[What you have to do]
Nothing but the lines from the one containing "Rose Throw Pillow" to the end of the data should be copied, exactly, and the pictures stay out.

[Dataset section]
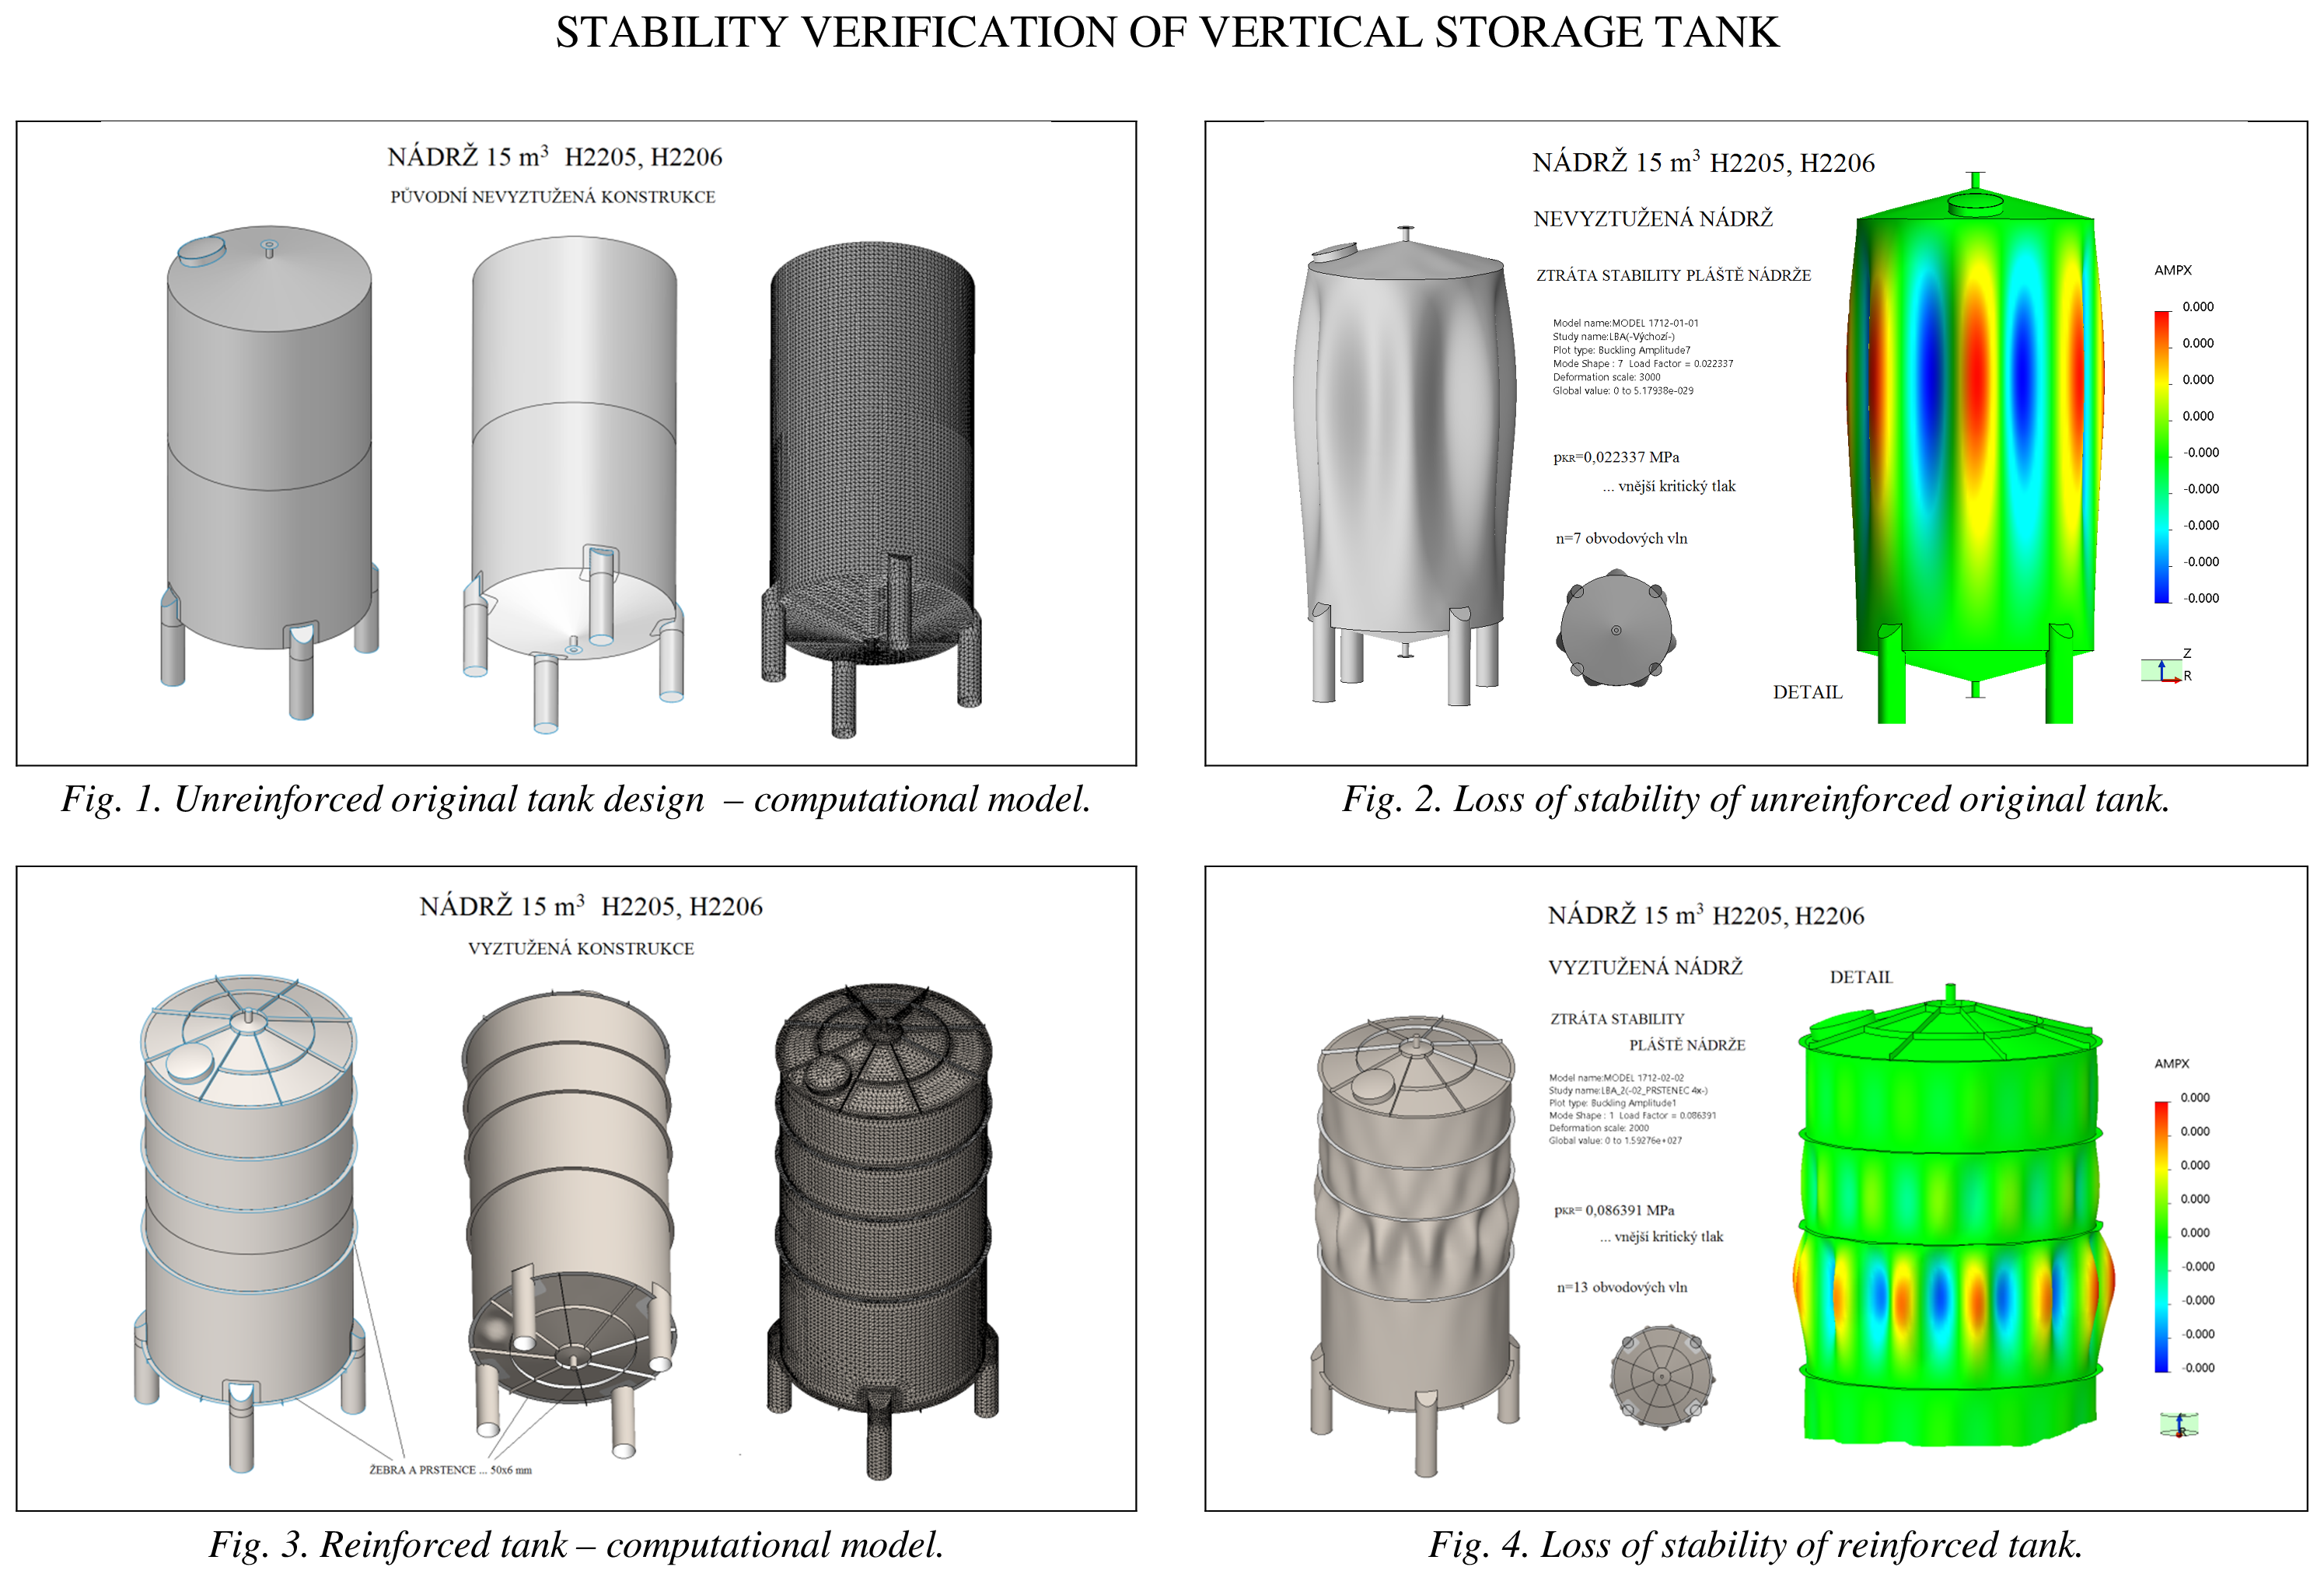 Stability verification of vertical storage tank
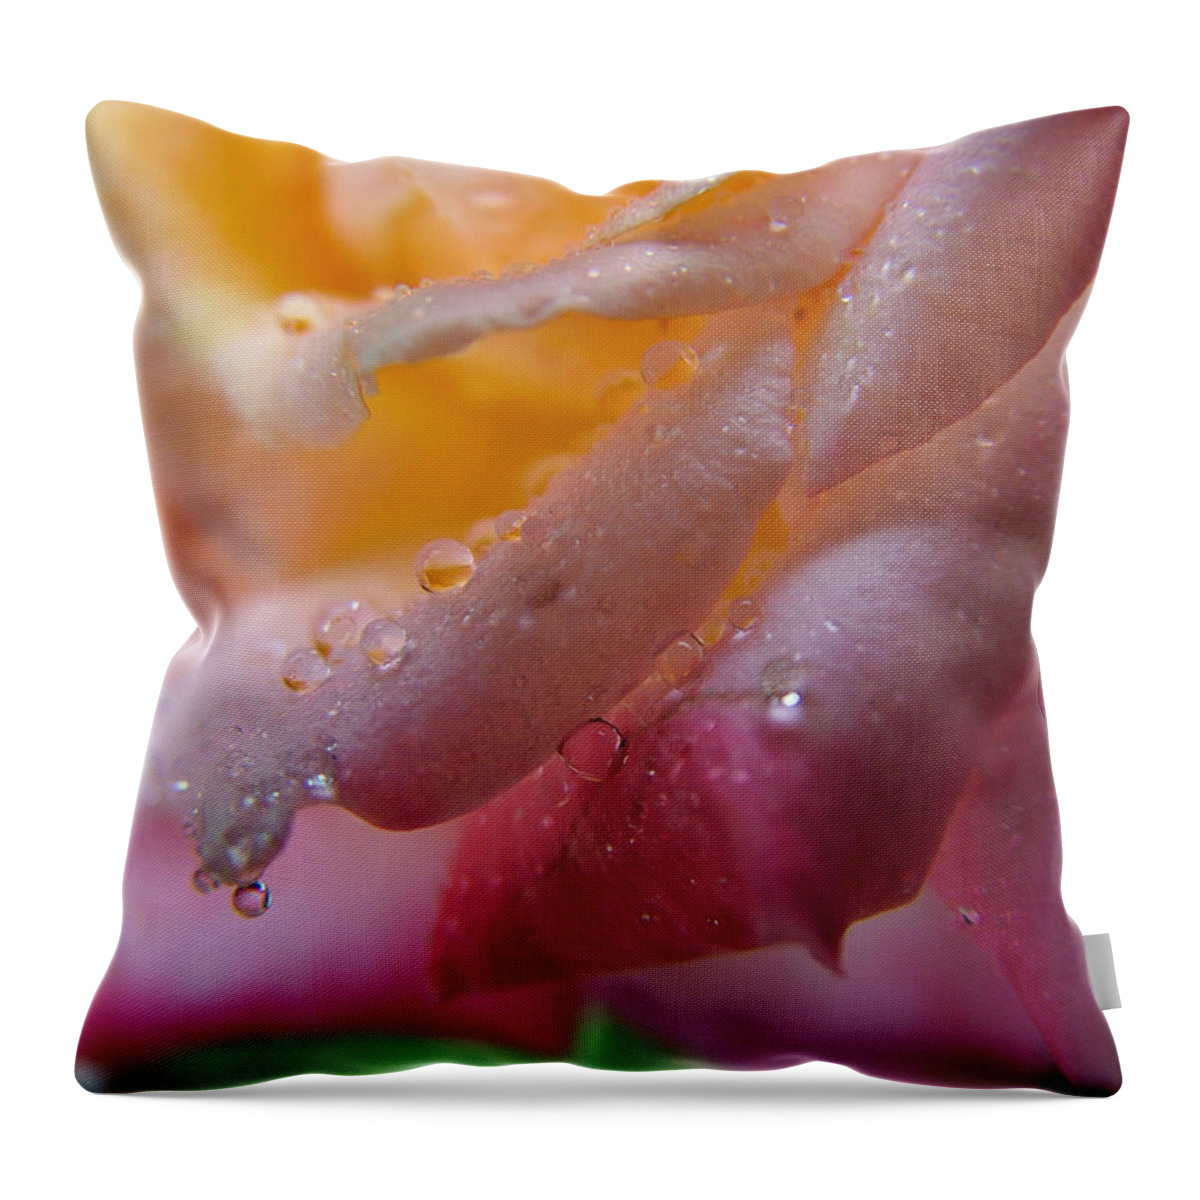 Rose Throw Pillow featuring the photograph Teardrop of a Rose by Kathy Churchman
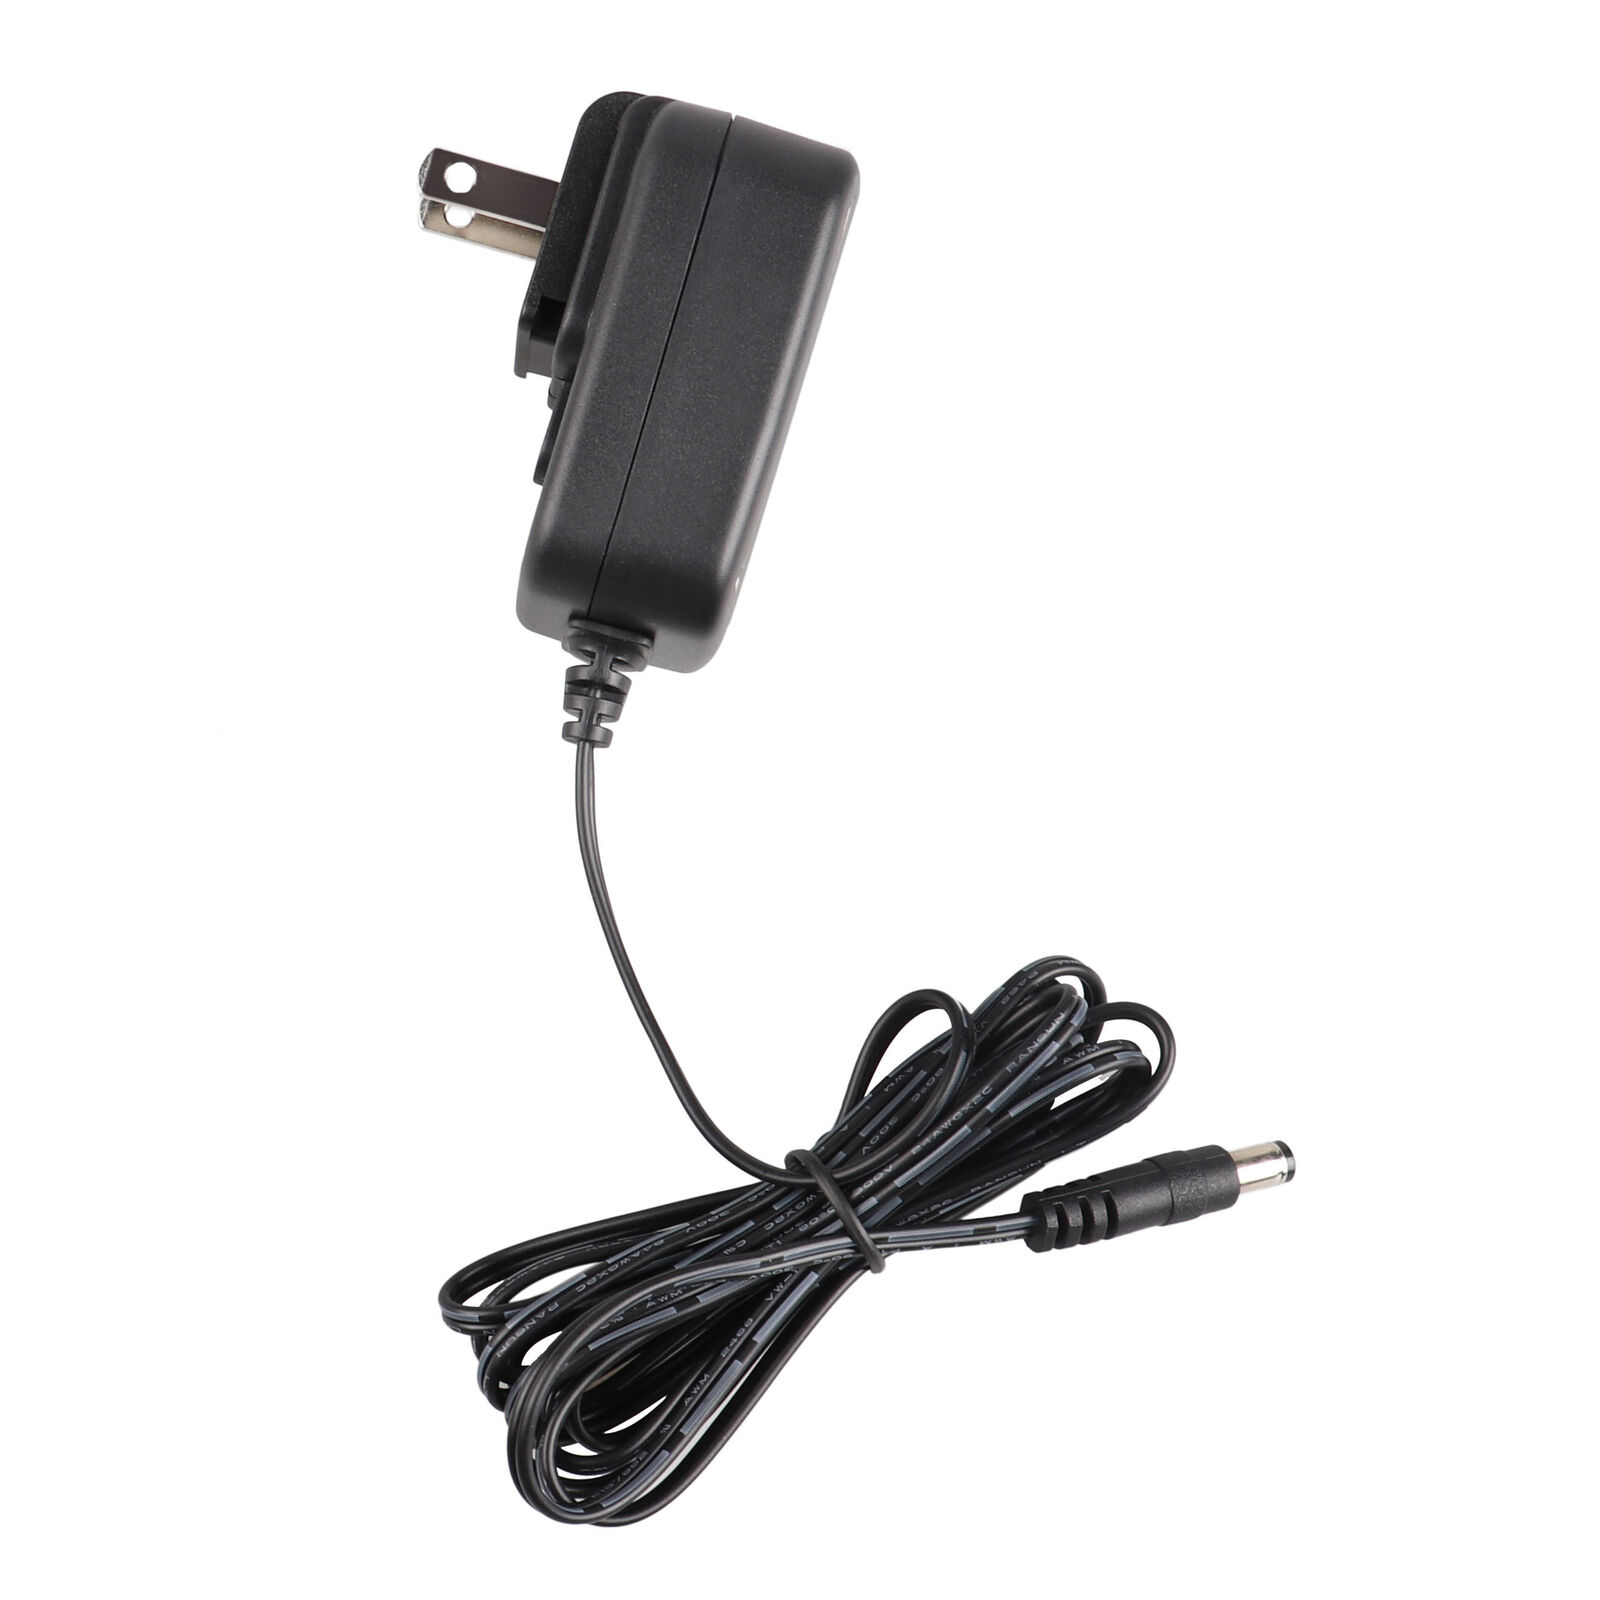 12V AC Adapter For THOR X 10 Million Candle Light Power spotlight C18MIL Charger Colour Black Type AC/DC Adapter Cable
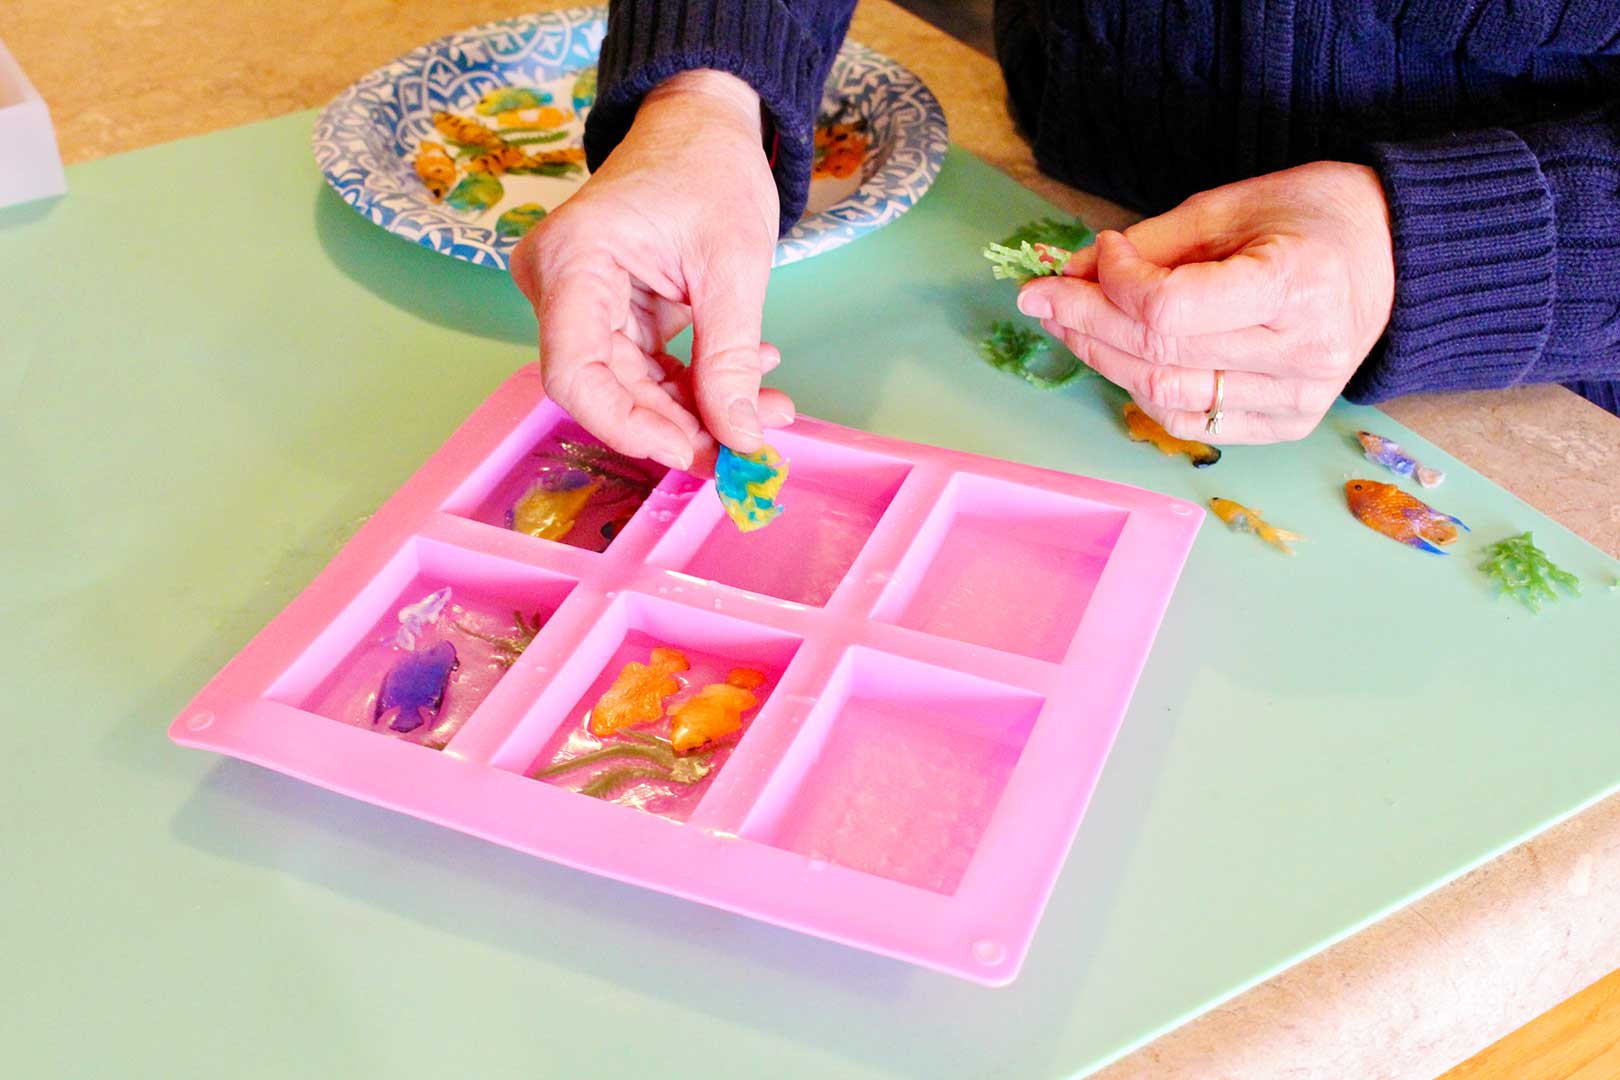 Hands placing plastic tropical fish into clear soap layer inside the pink silicone rectangular soap molds.

[Response to the exercise]
 Rose Throw Pillow featuring the photograph Teardrop of a Rose by Kathy Churchman
 12V AC Adapter For THOR X 10 Million Candle Light Power spotlight C18MIL Charger Colour Black Type AC/DC Adapter Cable
 Hands placing plastic tropical fish into clear soap layer inside the pink silicone rectangular soap molds.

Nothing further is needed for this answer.